Some time after last night’s mayoral forum ended, Anthony Weiner found himself defending President Barack Obama’s signature healthcare law to an agitated woman.
Politicker approached a small commotion involving Mr. Weiner outside the Midwood public school, where the forum had been held, when it became clear one of the attendees wanted to do more than simply schmooze with the former congressman.
“Can I ask you a question? Who do you think pays for the uninsured when they go to the hospital?” Mr. Weiner shot back at the woman, Laurie Fein, after she demanded to know why Mr. Weiner supported mandatory insurance coverage. “Who do you think pays that bill?”
Mr. Weiner, just beyond the steps of the school, appeared to be relishing the policy showdown.

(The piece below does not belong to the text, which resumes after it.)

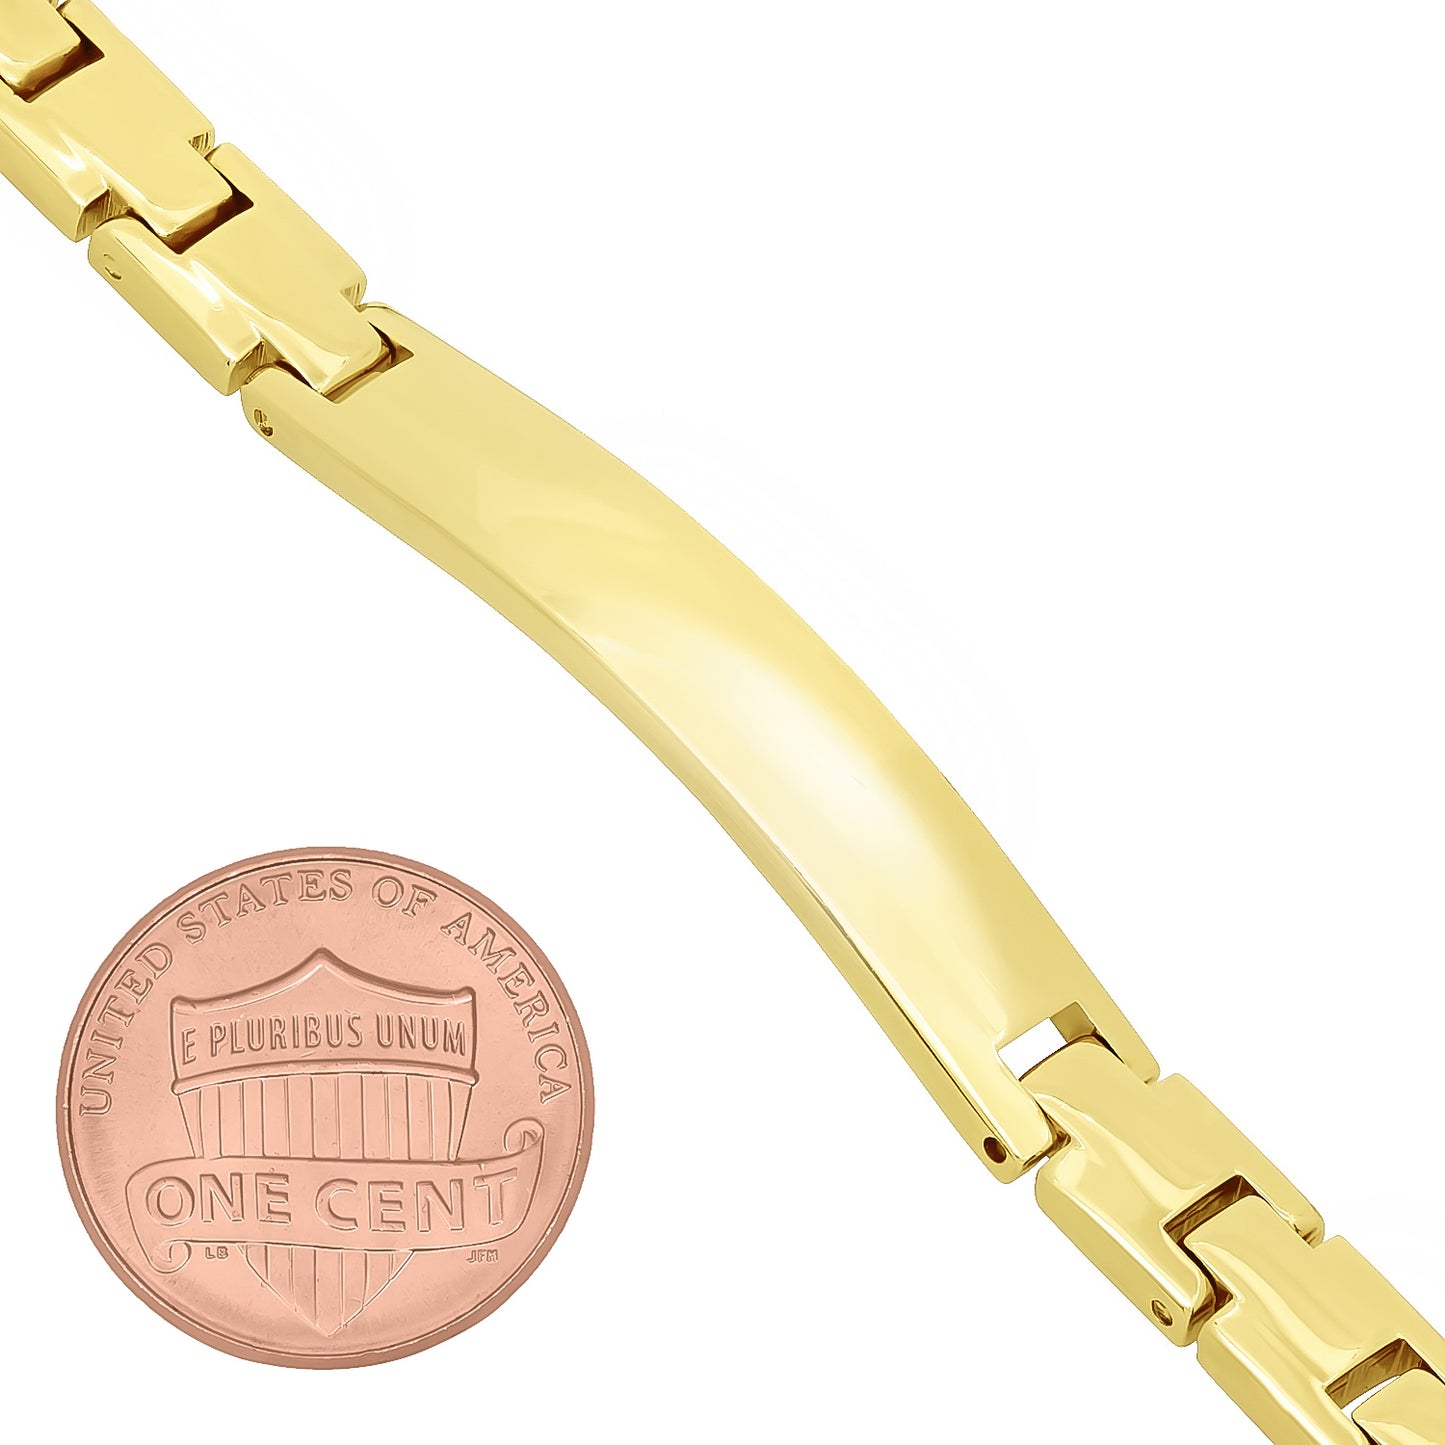 7mm Smooth 14k Yellow Gold Plated Engravable ID Solid Link Bracelet + Jewelry Polishing Cloth (SKU: GL-ID7)

“We do,” Ms. Fein replied.
“You do,” Mr. Weiner, a vocal proponent of expanding health care coverage when he served in Congress, quickly concurred.
“I understand that–” Ms. Fein began, growing upset.
“The only thing about Obamacare, just so you know, people make it more complicated than it is. It just, it’s less expensive for us as taxpayers to give us–” Mr. Weiner countered.
“Not true, my husband’s a physician,” she interrupted.
“Let me finish my thought, let me finish my thought, maybe you’ll agree. It’s less expensive to give people a subsidy to buy insurance than it is to treat them in emergency rooms. That’s the simple math of the situation,” Mr. Weiner said as a small crowd, as always, began to cluster around him. “We’re closing hospitals because the uninsured are coming in.”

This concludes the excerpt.